Clara sentia o peso da ameaça se espalhar pelo ar como uma sombra sufocante.
O nome de Gabriel agora era um fantasma entre ela e Lucas, um lembrete de que eles estavam sendo observados, caçados.
Lucas não soltou o rosto dela. Seu olhar era uma mistura de desejo e fúria.
— Você entende o que isso significa, não é? — Sua voz saiu baixa, mas carregada de intensidade.
Clara assentiu devagar.
— Ele não está brincando.
Lucas aproximou-se ainda mais, seu polegar roçando o lábio inferior dela.
— E eu também não.
Antes que ela pudesse reagir, os lábios dele tomaram os dela em um beijo intenso, cheio de posse e necessidade.
Não era apenas desejo, era um aviso.
Um juramento silencioso de que ele a protegeria a qualquer custo.
Quando se separaram, ambos estavam ofegantes.
Mas não havia tempo para se perder um no outro agora.
O telefone de Lucas vibrou novamente.
Ele pegou o aparelho e estreitou os olhos ao ler a mensagem.
Vamos brincar?
Eu já comecei.
Olhe para fora.
Lucas foi até a janela e sentiu o sangue ferver.
Lá embaixo, encostado em um carro preto, Gabriel Monteiro estava parado, sorrindo.
— Filho da p**a — Lucas rosnou, cerrando os punhos.
Clara se aproximou, e o coração dela disparou ao ver aquele homem.
Alto, vestido com um terno escuro, cabelo loiro bem alinhado e um olhar afiado como lâminas.
Ele parecia perigoso, mas o que a fez estremecer foi o sorriso.

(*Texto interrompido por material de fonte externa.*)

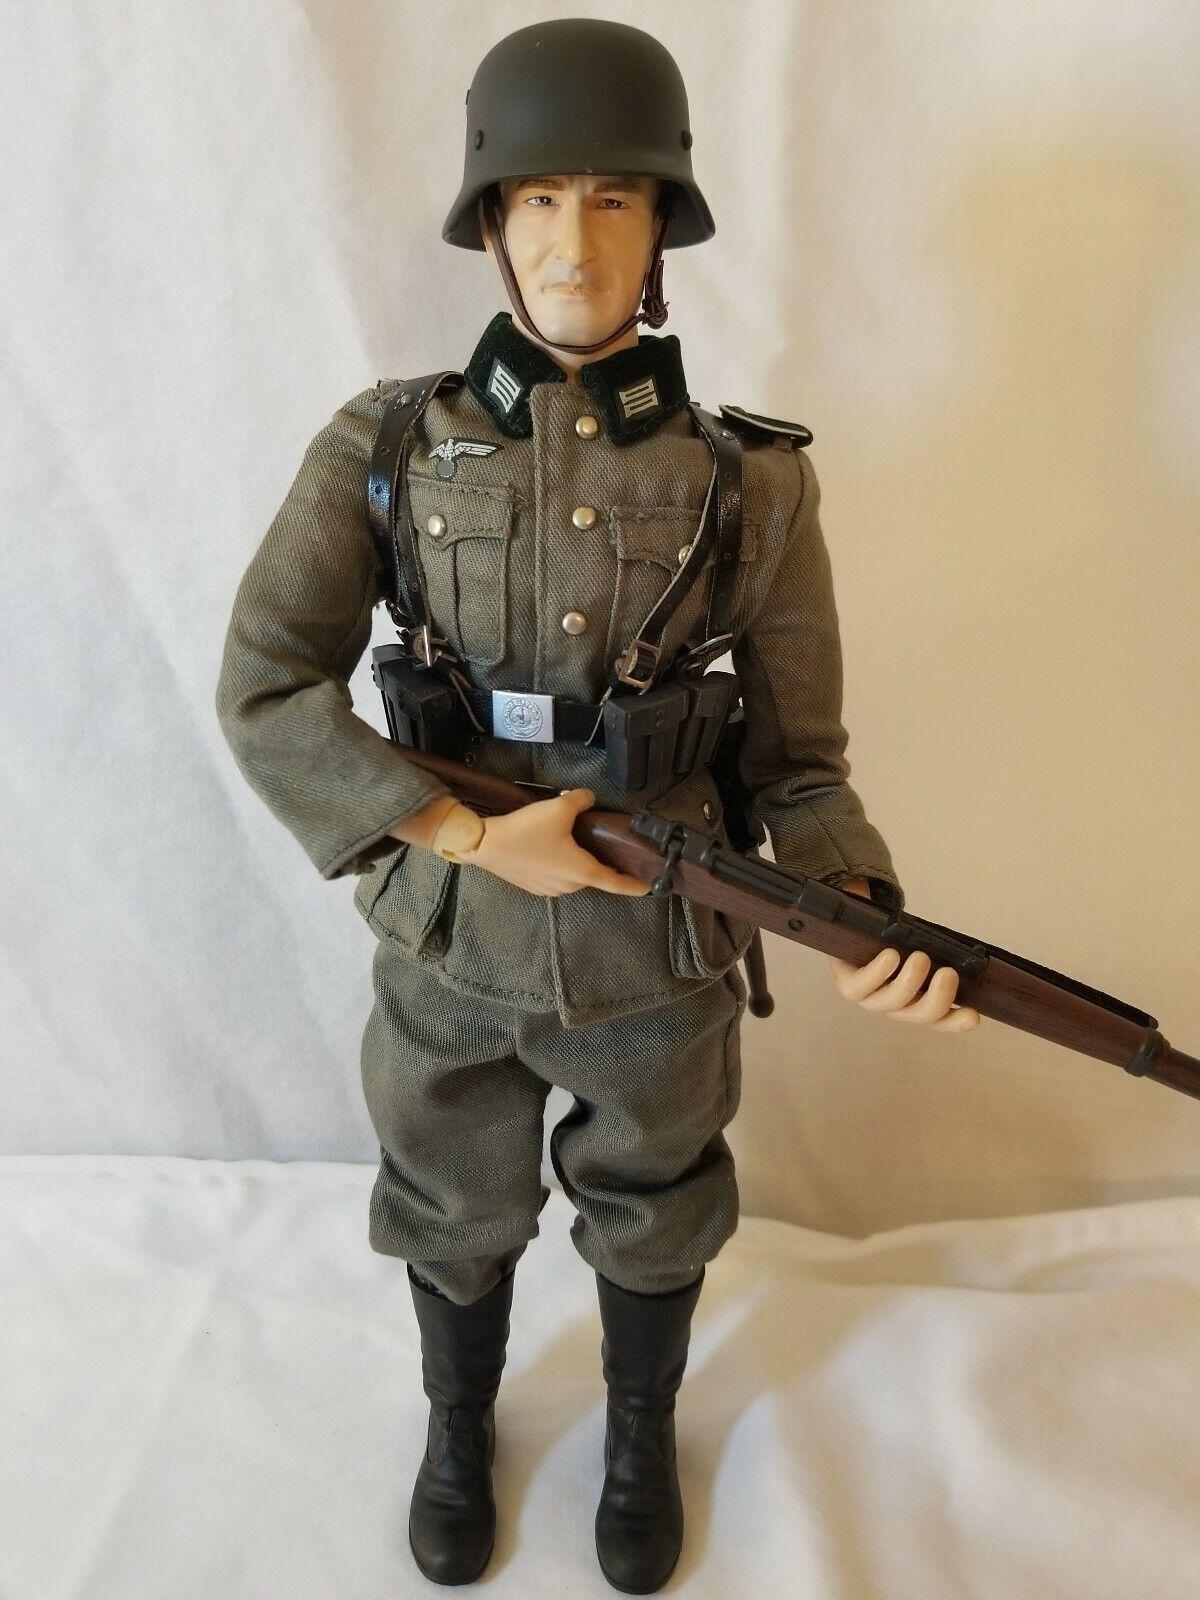 Dragon Modelos 1 6th escala Personalizado Wehrmacht alemana Heer Rifleman

Um sorriso de quem sabia que estava no controle do jogo.
Gabriel ergueu a mão e fez um gesto tranquilo de aceno, como se estivesse cumprimentando velhos amigos.

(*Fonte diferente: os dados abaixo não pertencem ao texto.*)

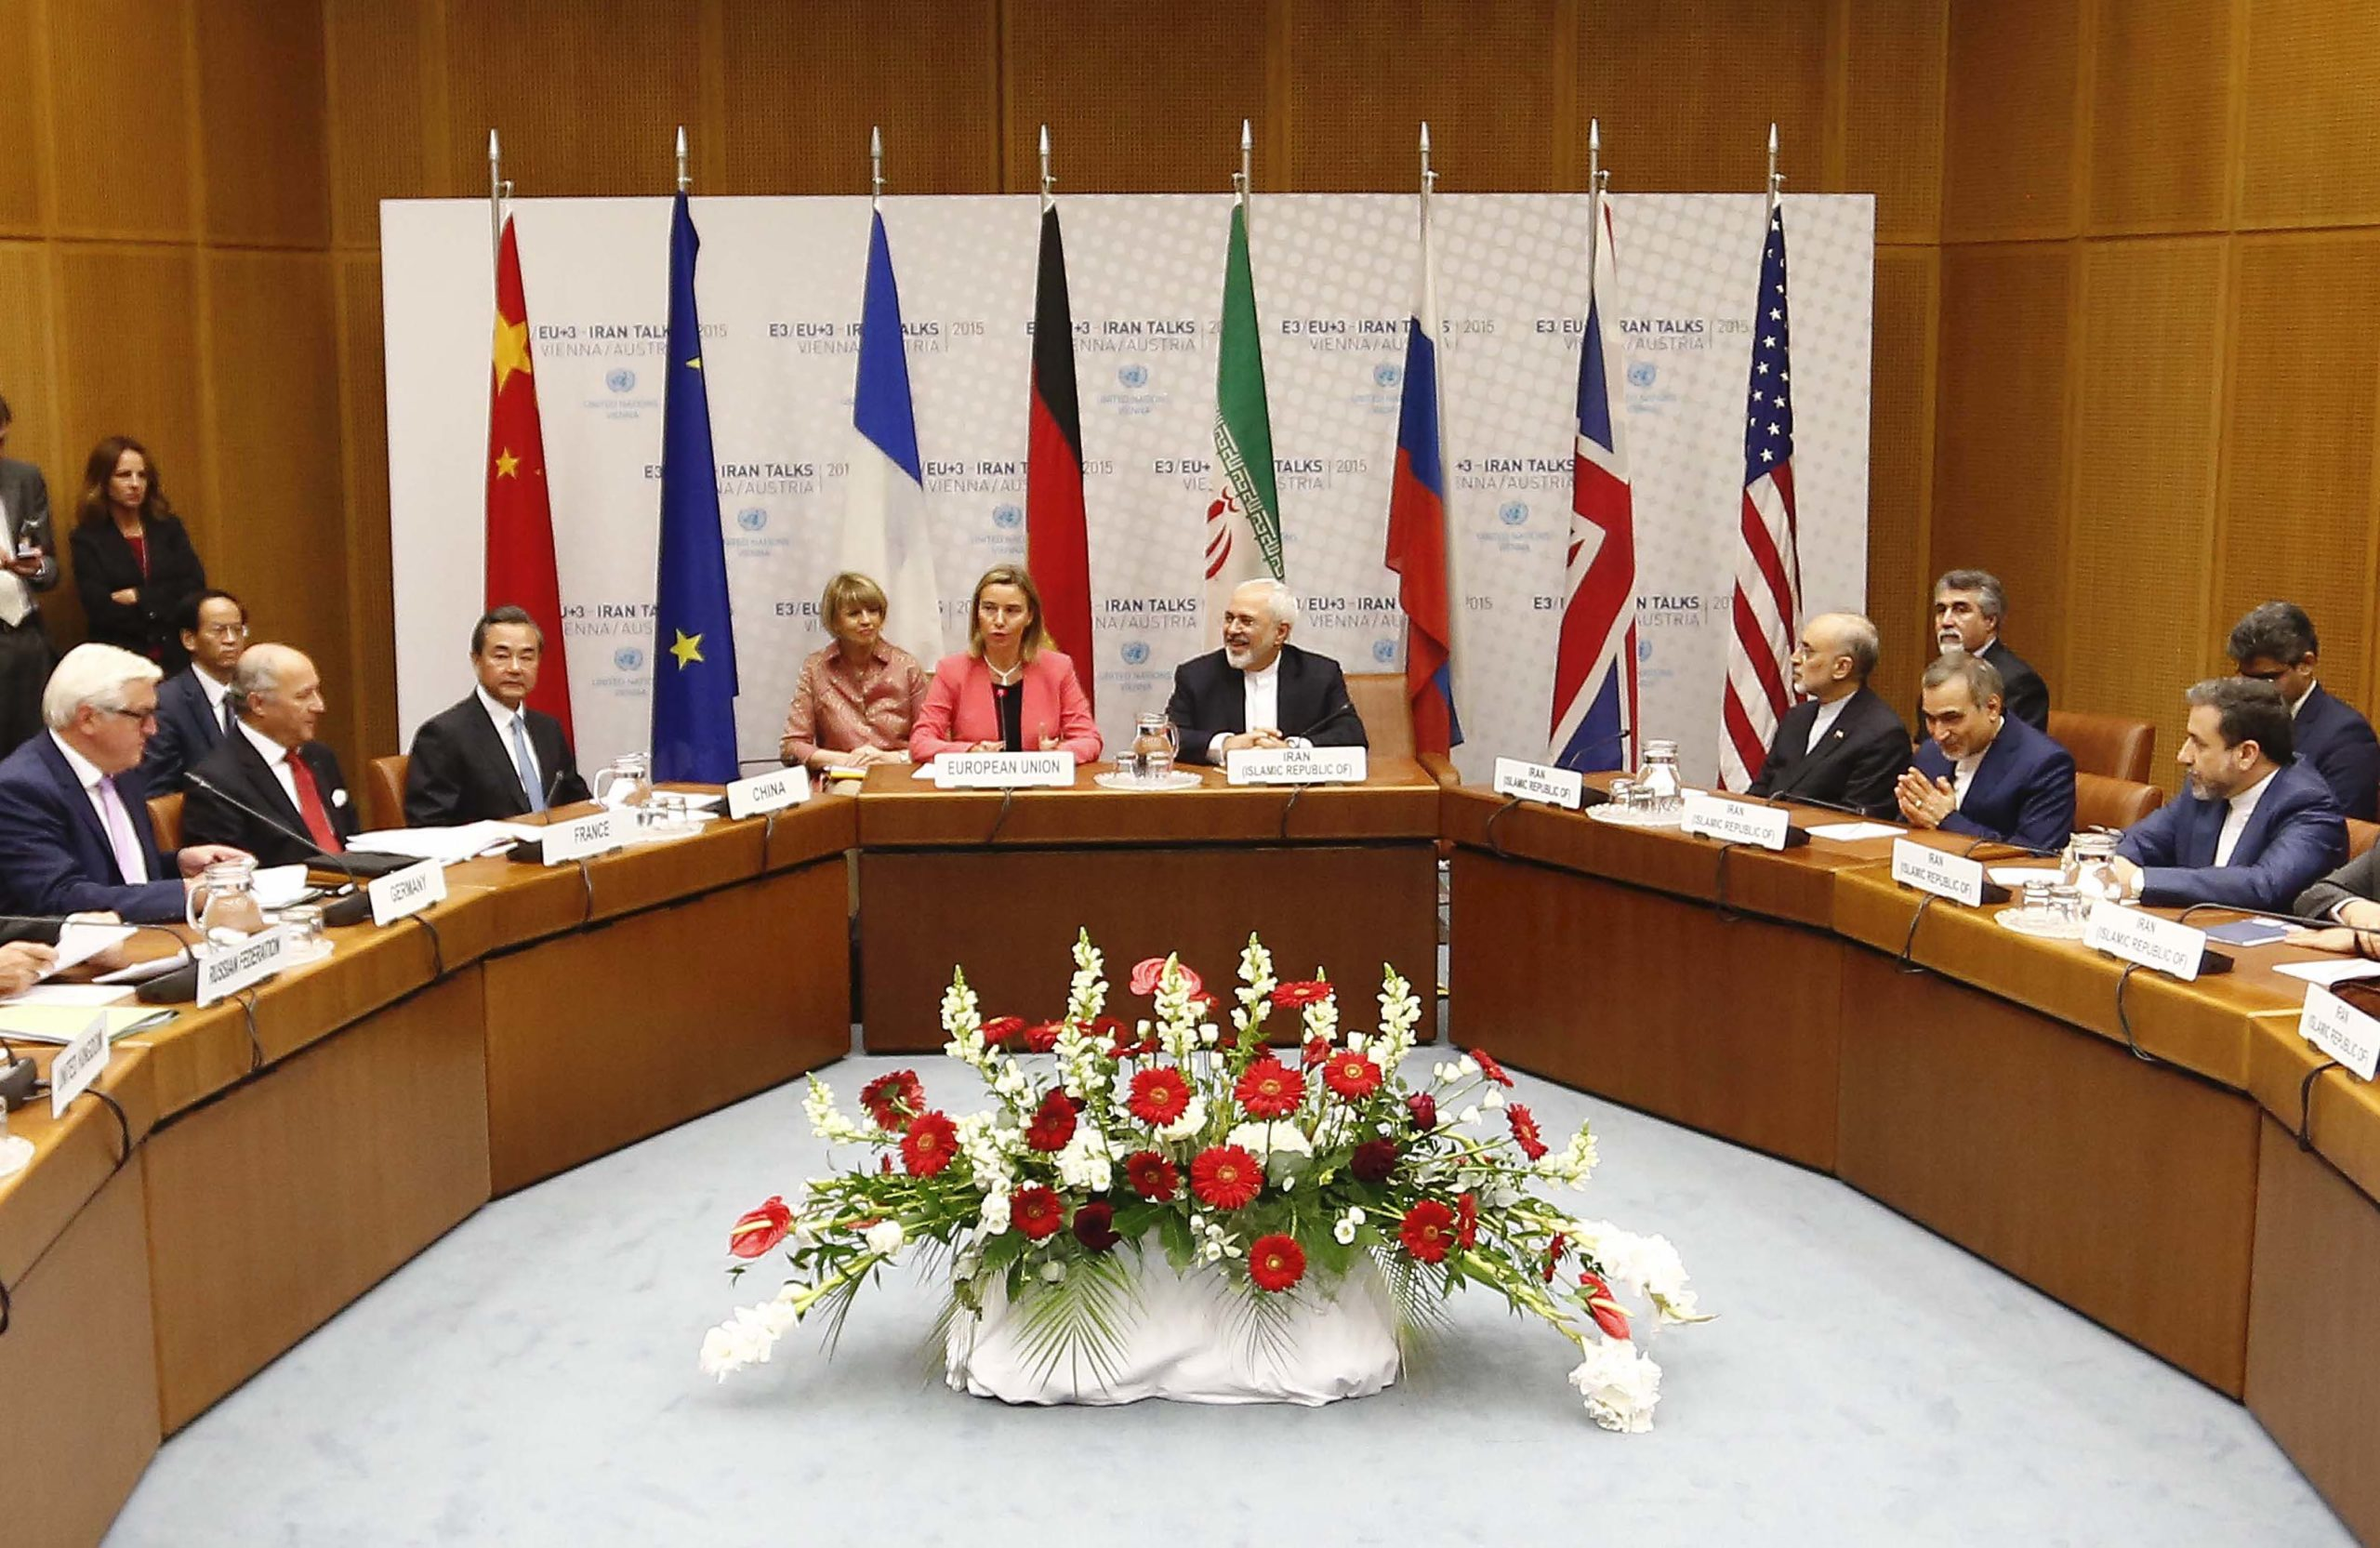 FAKTA: Aftalen om det iranske atomprogram

Em seguida, pegou o celular e digitou algo.
O telefone de Lucas vibrou novamente.
Espero que esteja pronto.
Porque eu estou apenas começando.
Clara sentia o coração martelar contra o peito enquanto olhava pela janela.

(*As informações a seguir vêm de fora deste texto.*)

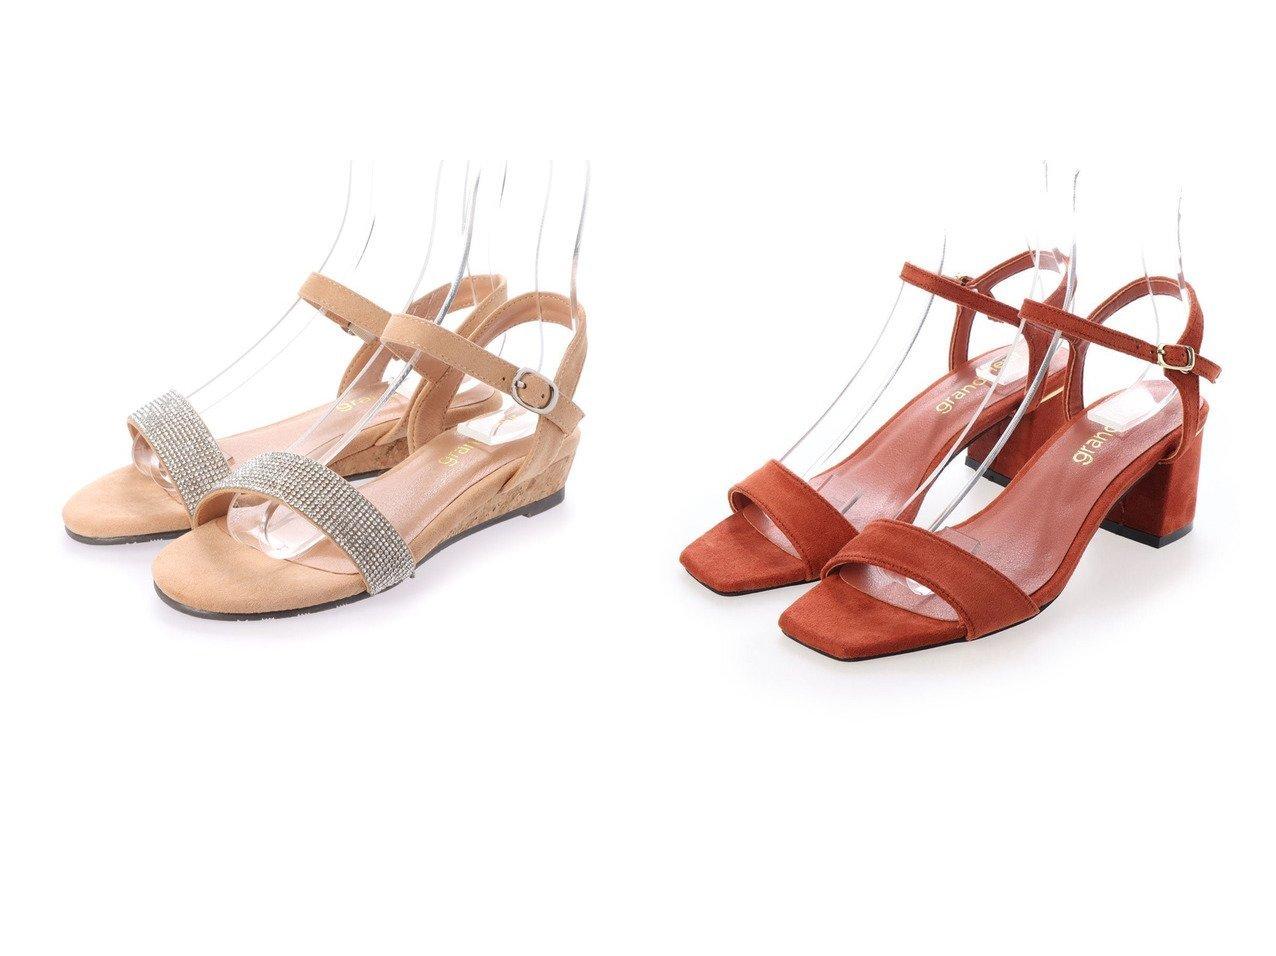 【grandfleur/グランドフルール】のラインストーンデザインのローヒールサンダル&スクエアトゥのヒールキャップデザインサンダル シューズ・靴のおすすめ!人気、トレンド・レディースファッションの通販 おすすめで人気の流行・トレンド、ファッションの通販商品 メンズファッション・キッズファッション・インテリア・家具・レディースファッション・服の通販 founy(ファニー) https://founy.com/ ファッション Fashion レディースファッション WOMEN 2020年 2020 2020 春夏 S/S SS Spring/Summer 2020 S/S 春夏 SS Spring/Summer ストーン フィット 定番 Standard 春 Spring |ID:crp329100000022558

Gabriel Monteiro estava ali, observando-os com aquele sorriso calculado, como se soubesse exatamente quais botões apertar para desestabilizar Lucas.
Lucas segurava o celular com força, os nós dos dedos brancos de tanta tensão.
O silêncio entre eles era pesado, até que Clara finalmente quebrou:
— Você precisa me contar a verdade, Lucas. Toda a verdade.
Ele virou-se para ela lentamente, o olhar tempestuoso.
— Eu já te disse o que importa.
Clara cruzou os braços, sem desviar o olhar.
— Você me disse o que queria que eu soubesse.
Mas isso, isso é mais do que um problema do seu passado.
É o nosso presente agora.
Lucas passou a mão pelo rosto, visivelmente irritado.
— Gabriel e eu crescemos juntos. Mas ele escolheu um caminho que eu não podia seguir.
— O que isso significa? — Clara insistiu.
Lucas hesitou. Então, desviou o olhar.
— Significa que ele fez coisas, coisas que eu não podia ignorar. Coisas que me forçaram a cortar laços com ele.
Clara estreitou os olhos.
— E o que ele fez?
O silêncio de Lucas foi suficiente para fazê-la entender. Ele não ia contar tudo. Não agora.
Clara sentiu um arrepio percorrer sua espinha.
— Você ainda está me escondendo algo.
Lucas se aproximou rapidamente, segurando o rosto dela entre as mãos.
— Eu estou protegendo você, Clara. Isso é tudo o que importa.
Ela queria acreditar Queria confiar nele cegamente.
Mas algo lhe dizia que Lucas estava segurando partes importantes dessa história.
E com Gabriel agora na jogada, cada mentira ou meia verdade poderia custar caro.
Lá embaixo, Gabriel pegou um cigarro e acendeu calmamente, como se estivesse esperando.
Jogando a cabeça levemente para trás, ele soprou a fumaça no ar e pegou o celular novamente.
Logo depois, o telefone de Clara vibrou.
Seu sangue gelou ao ver a mensagem.
Ele te contou a parte em que me traiu? Ou continua escondendo os detalhes mais sórdidos?